The company at the top of the EKG ETF universe, Dexcom, is another diabetes digital health company that does diagnostics with a much larger market cap that we might like better, so head-to-head comparison may be in order down the line.

A Cloud-Based Digital Health Company

Click for company website

Veeva plays in the same sandbox as IQVIA by offering cloud-based software, data, and consulting services to life science companies, including pharmaceutical companies doing R&D development for new products. Veeva has also been locked into a five-year legal battle with IQVIA over what one news site described as a dispute over physician databases. The latter alleges that the former misappropriated data and used it to develop a competing product. Now, we have to do a IQVIA vs Veeva cage match article in the near future. Even more awkward: The two companies share customer contracts and technology.

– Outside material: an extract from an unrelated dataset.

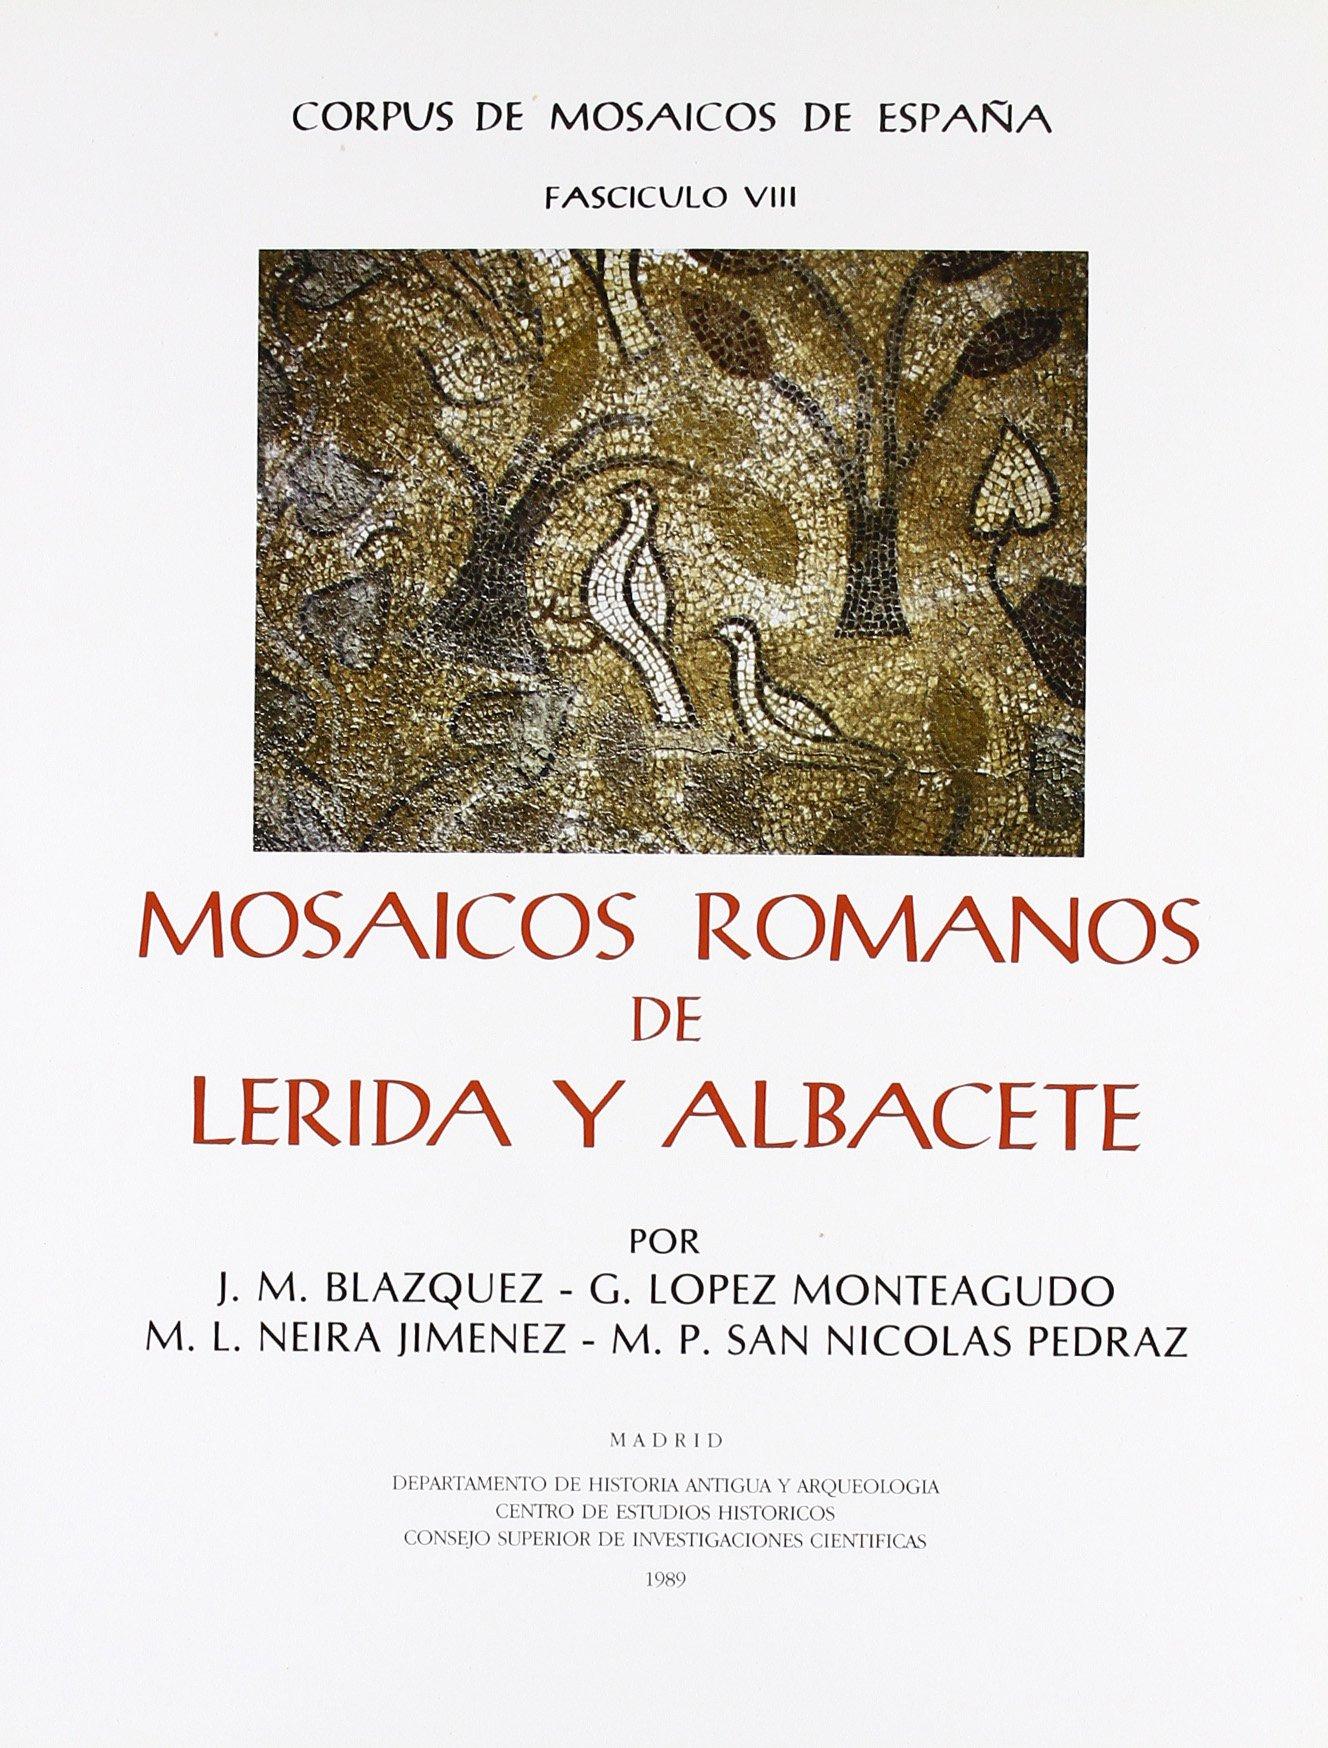 Mosaicos romanos de Lérida y Albacete Corpus de Mosaicos Romanos de España: Amazon.es: Blázquez, José Mª, López Monteagudo, Guadalupe, Neira Jiménez, M. L., San Nicolás Pedraz, Mª Pilar: Libros

Meanwhile, Veeva hauled in $1.85 billion in revenue last year, up 26% from $1.46 billion a year ago. About 80% of its revenue comes through recurring subscriptions, a business model we especially value, so the cage match is definitely on.

Conclusion

The First Trust Nasdaq Lux Digital Health Solutions ETF has assembled what appears to be a fairly solid lineup among its top 10 assets. While we don’t invest in ETFs, many of our readers and subscribers work in finance and aren’t allowed to trade stocks, so they look for ETFs to invest in. Once EKG attracts a decent amount of AUM it might be worth a punt given it contains some quality assets that are now beaten down like all tech stocks are at the moment. At least you won’t have to worry much about the ARK effect. In the future, we may come back around and take a closer look at some of the stocks we’ve talked about today.